Why It Matters: Digital Maturity Correlates to Growth

We noticed a clear correlation between the level of digital adoption (and, by extension, AI maturity) and business success.

Our data science exploration led our teams toward a nonlinear correlation, using the characteristics of Richard’s curve to depict the nuanced progression of digital transformation. Interestingly, the halfway mark on our index is around the 60% mark, a point we’ve identified as the “digital ready” phase for effectively harnessing AI. Here, we consistently see a marked difference between peers in terms of success, emphasizing how even a modest progression in digital maturity can result in significant growth.

CEOs and CFOs found resonance with these insights, especially when provided with clear, actionable directions.

A14SP AI and Digital Transformation Index This image shows a scatter plot of the A14SP AI and Digital Transformation Index.
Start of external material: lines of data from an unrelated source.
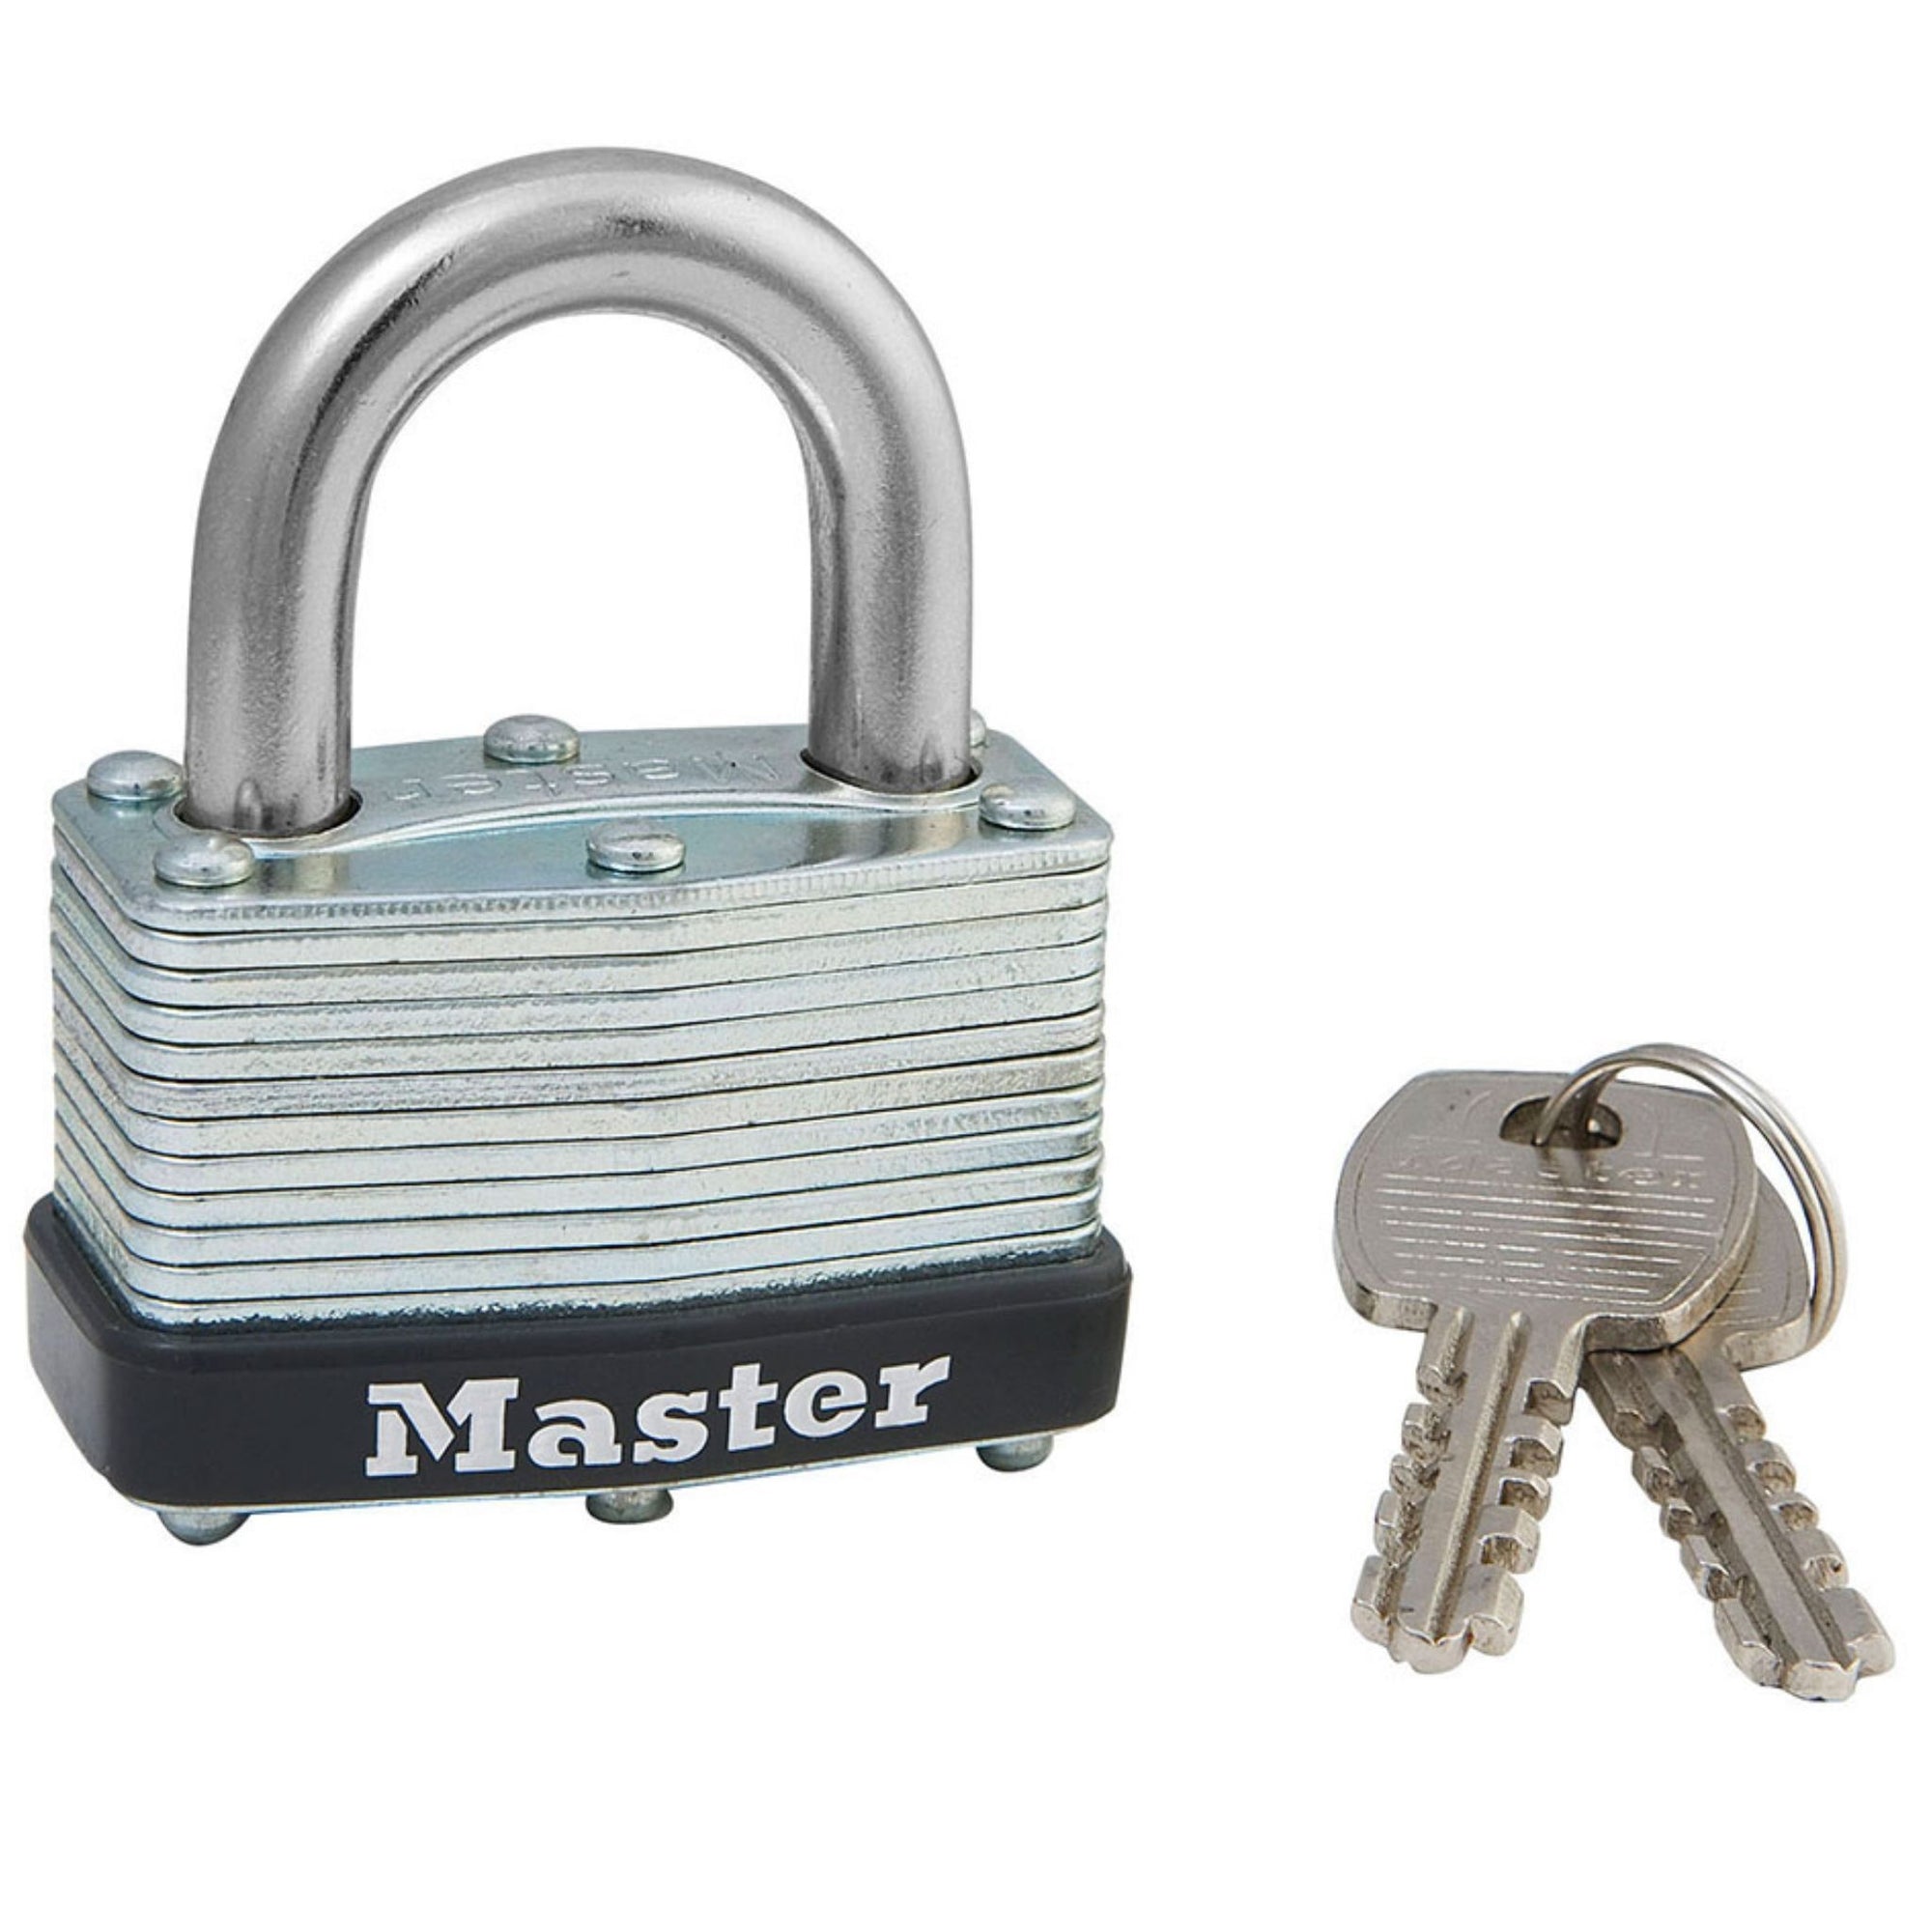 Master Lock 500KABRK 197 Warded Padlock with Breakaway Shackle Keyed Alike to Match Pre-Set KA197 Keys - The Lock Source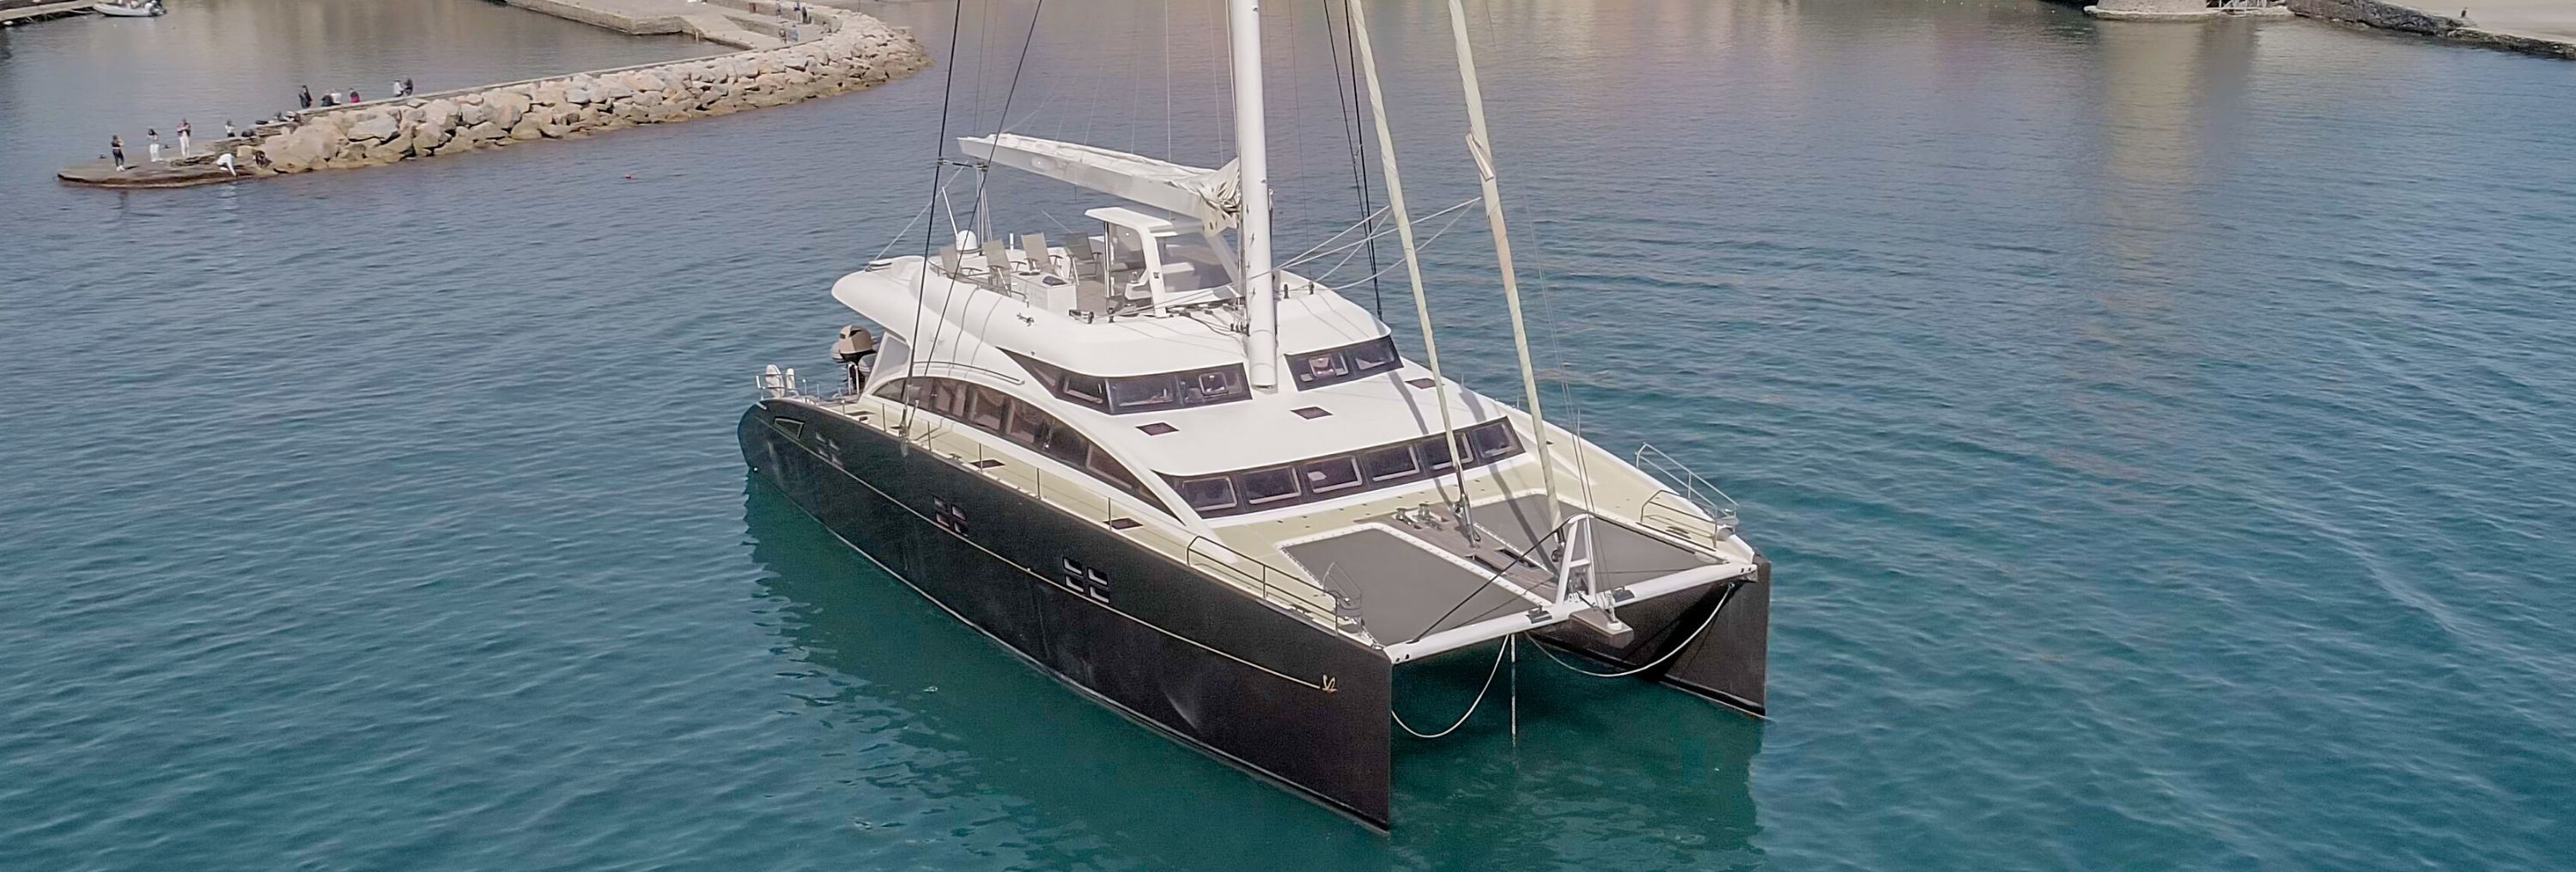 Sunreef 82 HOUBARA : Nouveau Catamaran disponible à la location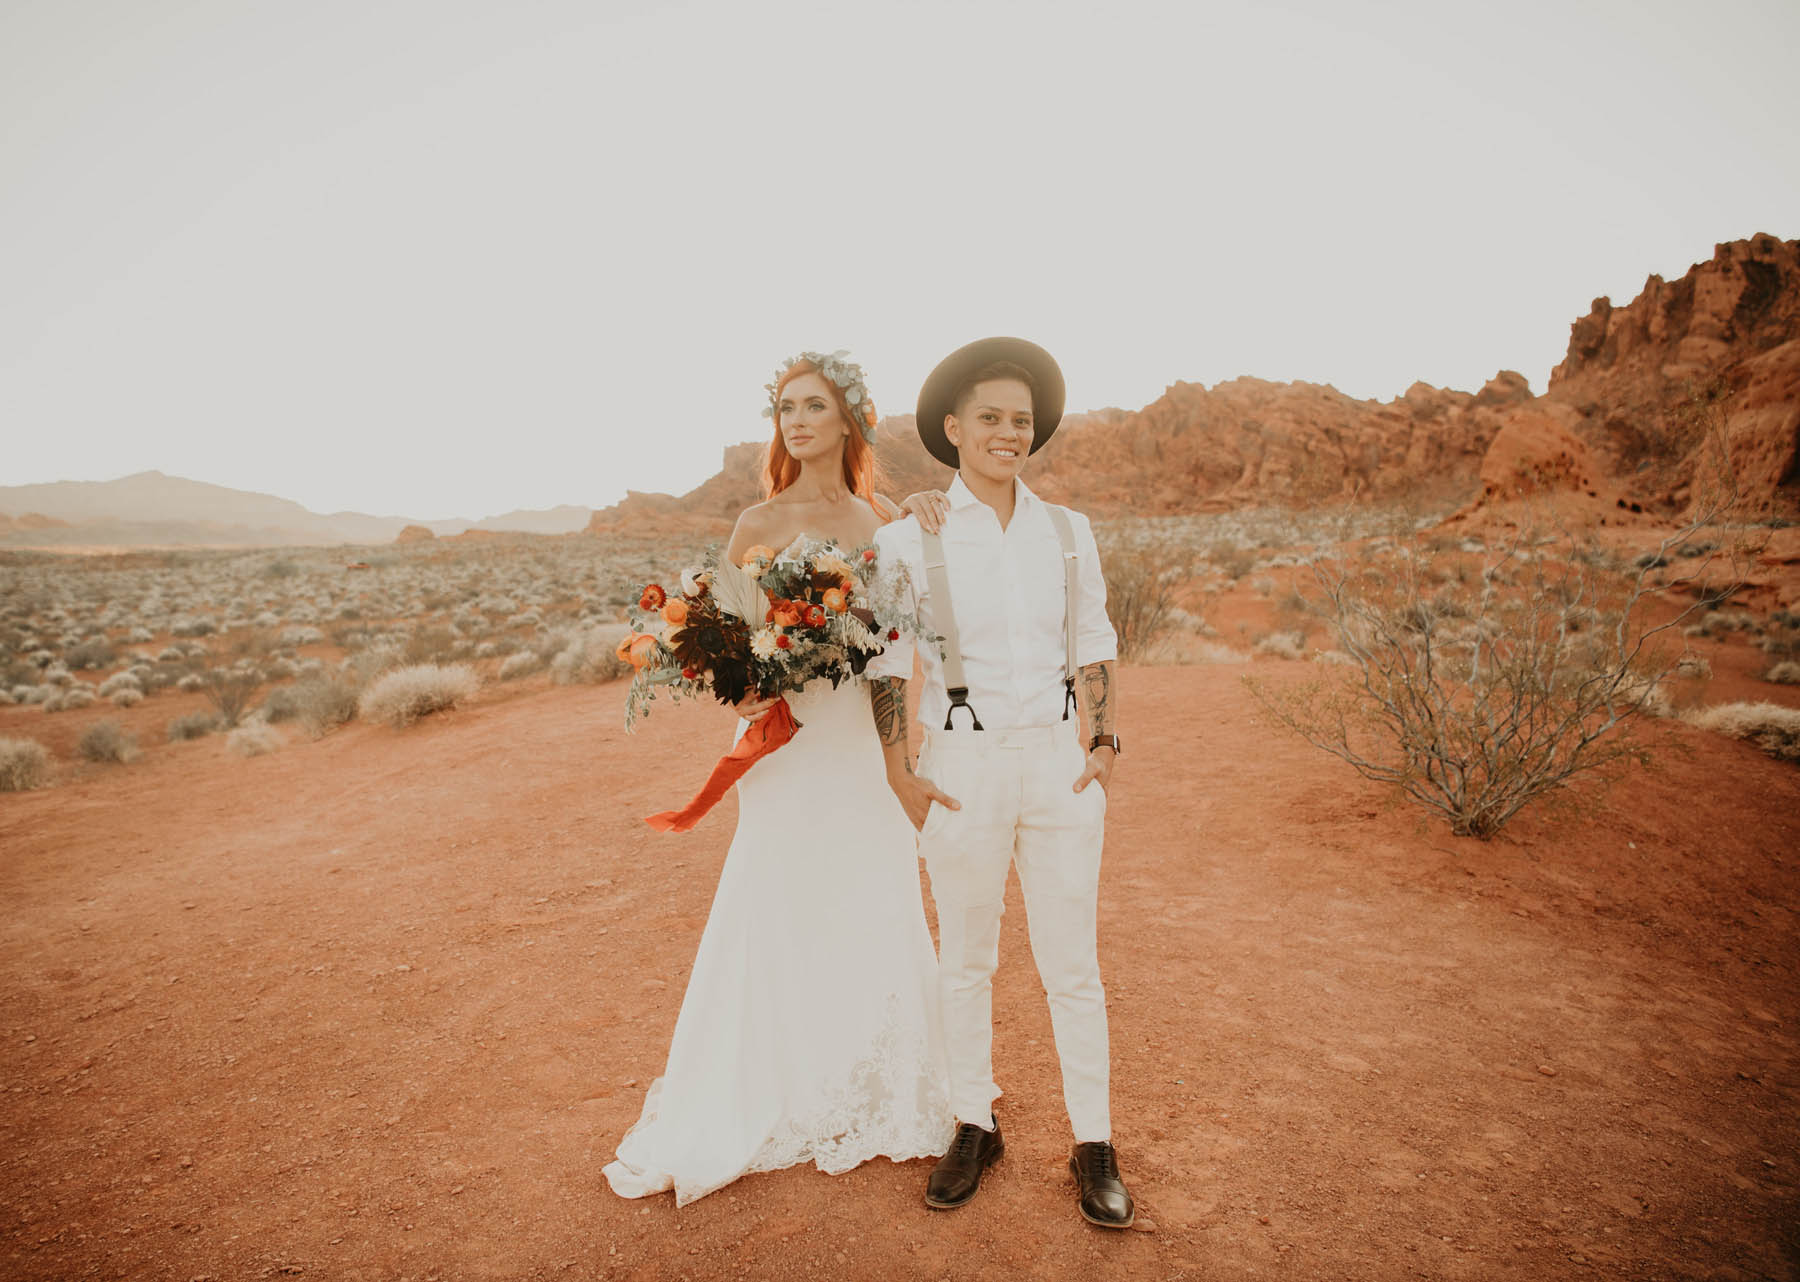 An intimate Las Vegas desert wedding with boho vibes and a spiritual sand unity ceremony

The index measures businesses' adoption of artificial intelligence (AI) and digital transformation (DX). The scatter plot shows that businesses with higher adoption of AI and DX tend to have higher YoY profit growth.

“‘What repetitive and tedious tasks can we automate?’ That question was our eureka moment,” shared Liz, the driving force behind a Social Justice organization in Alabama, during one of our discussions.

Based on her query, our model suggested an investment of $750 in a custom add-on for their spreadsheet software coupled with a forecasted $100/yr on OpenAI API calls.

Such a seemingly simple measure has the potential to save the organization over $25K per year, not to mention the invaluable opportunity it presents in reallocating a key team member from tedious back-office tasks to impactful fieldwork.

Evolving our approach for NPOs

While the concepts of reducing costs and augmenting capacity resonate well with leaders at NPOs, we get consistent feedback on an urgent need to go beyond looking at fundraising or operational cost reduction improvements.

Most leaders are asking for benchmarking data related to digital maturity and impact.

But how can we define impact?

The Impact Genome Project has done the best work on mapping impact, but most NPOs lack the sophistication to measure things at that level. We started to explore correlations (not causation) between people served per dollar and the organization’s level of digital maturity.

Where to start?

Embracing digital maturity isn’t just a tech imperative; it’s a growth catalyst. While humble in its design, our AI Compass aims to influence the responsible adoption of AI, guiding organizations to navigate and thrive in this digital age, perfecting their link between Digital Maturity and their Definition of Success.